Question

NA12878 High Confidence Callset Sequence Dictionaries

0

Entering edit mode

4.7 years ago

ilee66 • 0

I want to compare a WGS vcf callset I have produced using the GATK best practices with the NA12878 WGS gold-standard/high confidence vcf callset but an error related to Differing Sequence Dictionary sizes is preventing me form performing any concordance analysis.

I have downloaded the NA12878 "High Confidence Callset" (ftp://ftp-trace.ncbi.nlm.nih.gov/giab/ftp/release/NA12878_HG001/GIABPedigreev0.2/) (I have tried this specific release as well and the one under "latest") and when I try to compare this .vcf to a .vcf I have produced I get an error that the dictionary sizes are different (code below).

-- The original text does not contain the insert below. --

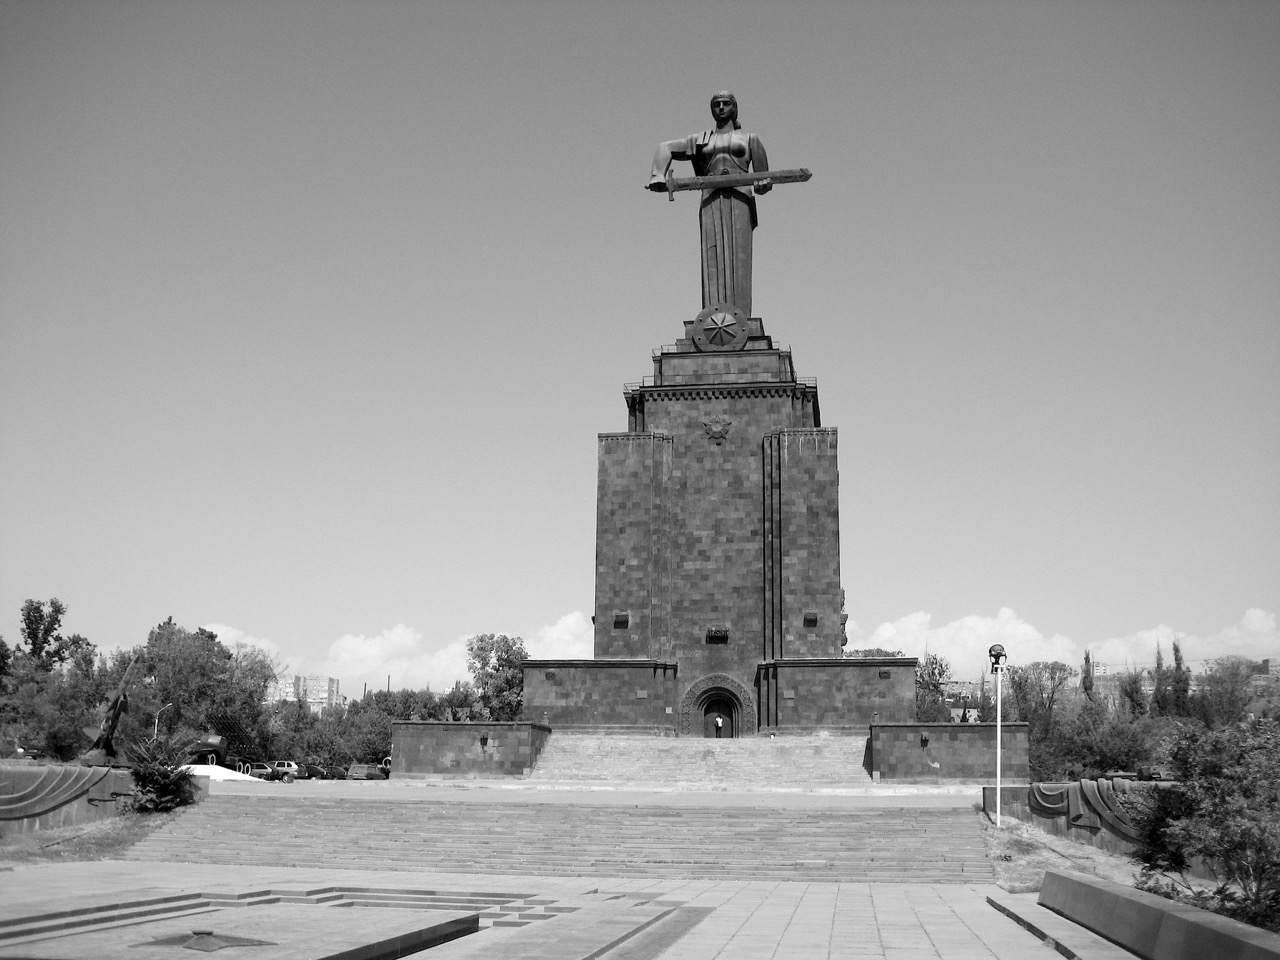 Foto: Mutter Armenien. Aus: Eriwan. Kapitel 5. Aufzeichnungen aus Armenien von Marc Degens.

From what I've gathered so far this error likely arises from alignment with different reference genomes. I first got this error when aligning & calling myself when I was using the human_g1k_v37 reference genome (I have been unable to find the reference genome these gold-standard vcf files were developed under). I also then downloaded the RMNISTHS_30xdownsample.bam file (ftp://ftp-trace.ncbi.nlm.nih.gov/giab/ftp/data/NA12878/NIST_NA12878_HG001_HiSeq_300x/) The Readme mentions it was aligned with BWA MEM but not which reference genome, but I got the same error as before. I assumed that the RMNISTHS_30xdownsample.bam file from the NCBI FTP was aligned with the same reference genome as the vcf from the same FTP, but I still get the error.

The GenotypeConcordance code that produces the error is as follows:

/path/to/gatk GenotypeConcordance -CV=/path/to/myinput.vcf.gz -O=/path/to/output.vcf -TV=/path/to/NIST_RTG_PlatGen_merged_highconfidence_v0.2_Allannotate.vcf.gz`

The error:

htsjdk.samtools.util.SequenceUtil$SequenceListsDifferException: Sequence Dictionaries are not the same size (25, 181)
at htsjdk.samtools.util.SequenceUtil.assertSequenceListsEqual(SequenceUtil.java:250)at htsjdk.samtools.util.SequenceUtil.assertSequenceDictionariesEqual(SequenceUtil.java:333)
        at htsjdk.samtools.util.SequenceUtil.assertSequenceDictionariesEqual(SequenceUtil.java:319)
        at picard.vcf.GenotypeConcordance.doWork(GenotypeConcordance.java:350)
        at picard.cmdline.CommandLineProgram.instanceMain(CommandLineProgram.java:295)
        at org.broadinstitute.hellbender.cmdline.PicardCommandLineProgramExecutor.instanceMain(PicardCommandLineProgramExecutor.java:25)
        at org.broadinstitute.hellbender.Main.runCommandLineProgram(Main.java:162)
        at org.broadinstitute.hellbender.Main.mainEntry(Main.java:205)
        at org.broadinstitute.hellbender.Main.main(Main.java:291)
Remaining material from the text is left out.